Can I see revenue data in this chart?
No. The Screens & Conversions chart focuses exclusively on funnel metrics (views and conversion rates). For revenue analysis, use the Revenue or MRR charts, which track monetary values.
How does "Unique viewers" deduplication work?
A user who views multiple paywalls within the same time period is counted once as a unique viewer for that period. The deduplication resets at each period boundary. For example, in daily granularity, a user who views a paywall on Monday and again on Tuesday counts as one unique viewer on each day. In monthly granularity, the same user counts as one unique viewer for the entire month.
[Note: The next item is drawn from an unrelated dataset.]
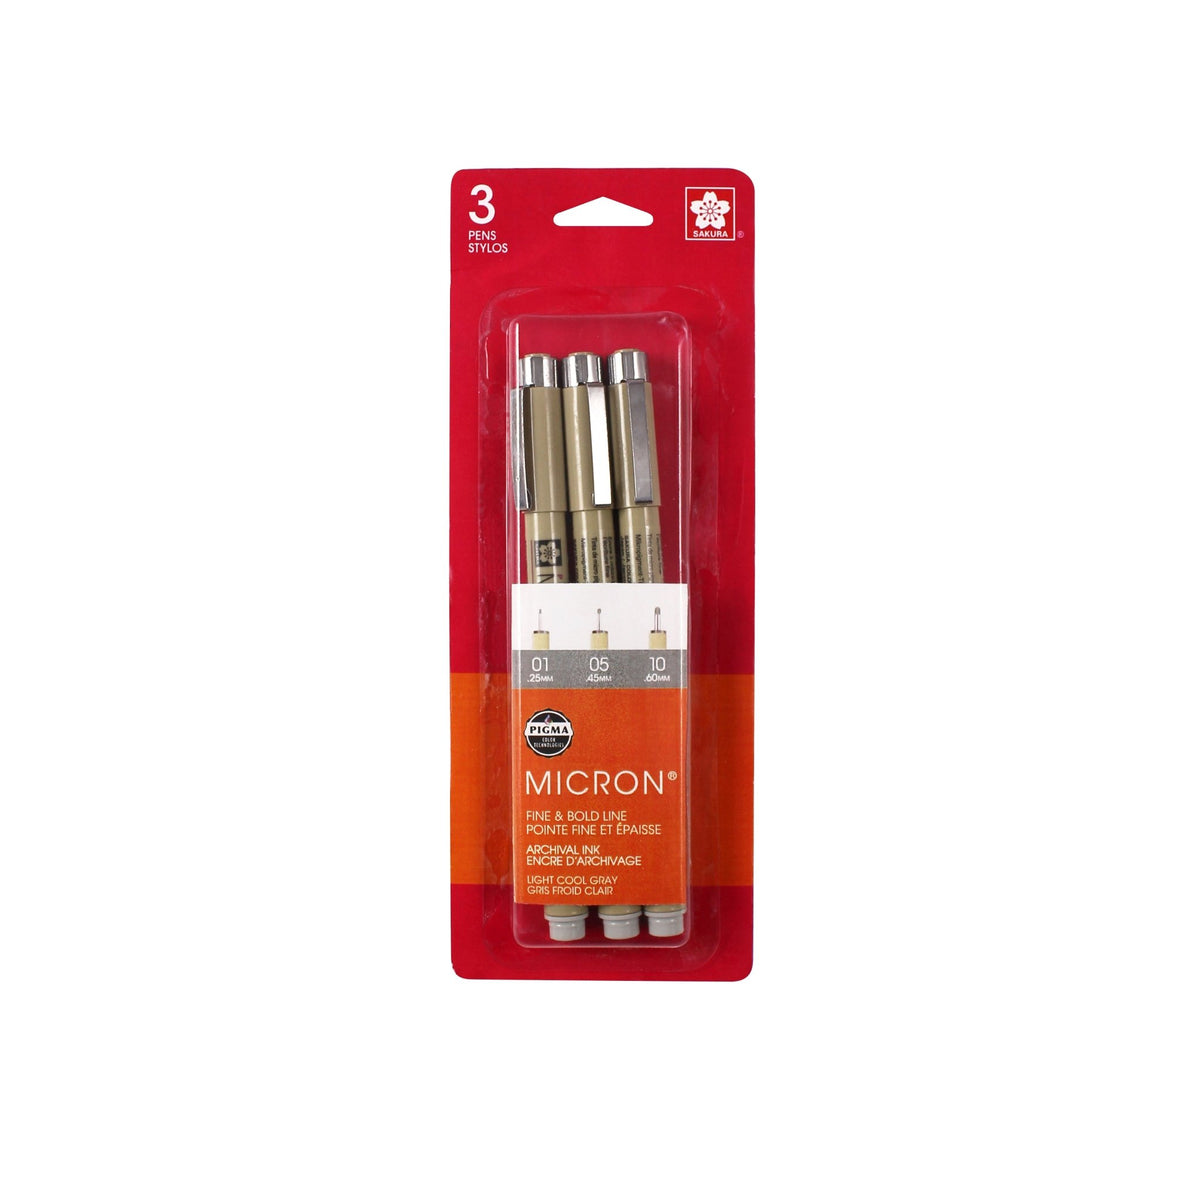 Pigma Micron Pens, 3-Pen Light Cool Gray Set (01, 05, 10) - merriartist.com
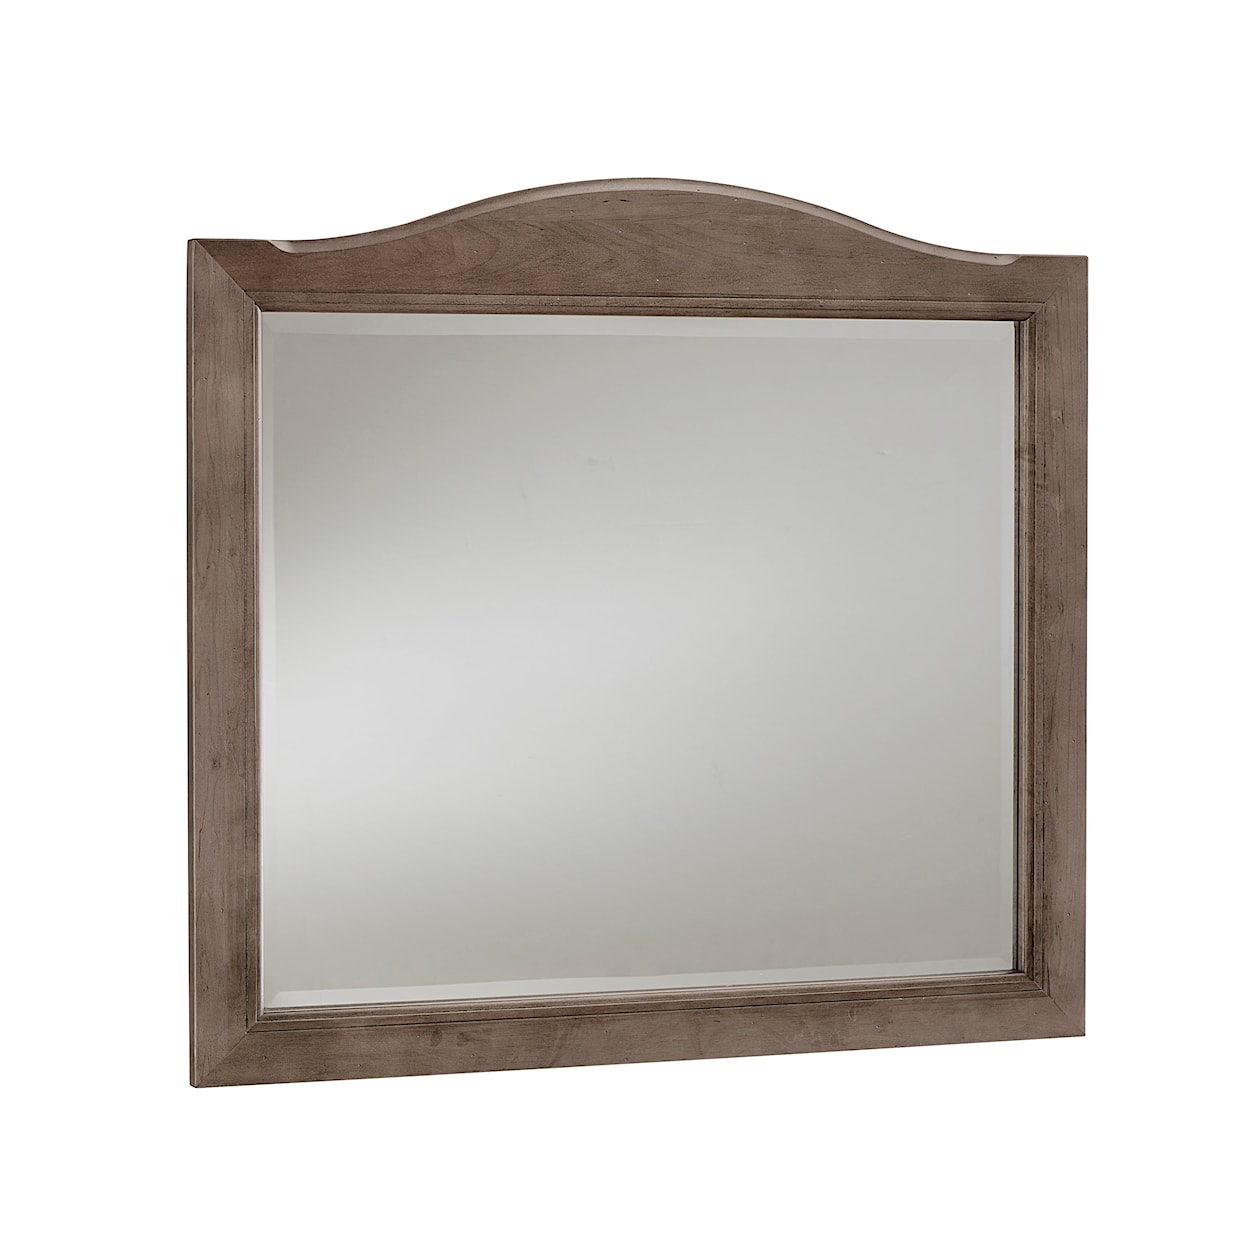 Vaughan-Bassett Cool Farmhouse Arched Mirror

Why do the numbers change when I switch granularity?
Unique viewer counts can differ across granularities because deduplication windows change. In daily view, a user appearing on three separate days counts as three unique-viewer entries (one per day). In monthly view, the same user counts as one. This affects both the KPI cards and the conversion rate denominators. Choose a granularity that matches your analysis timeframe and avoid comparing absolute numbers across different granularities.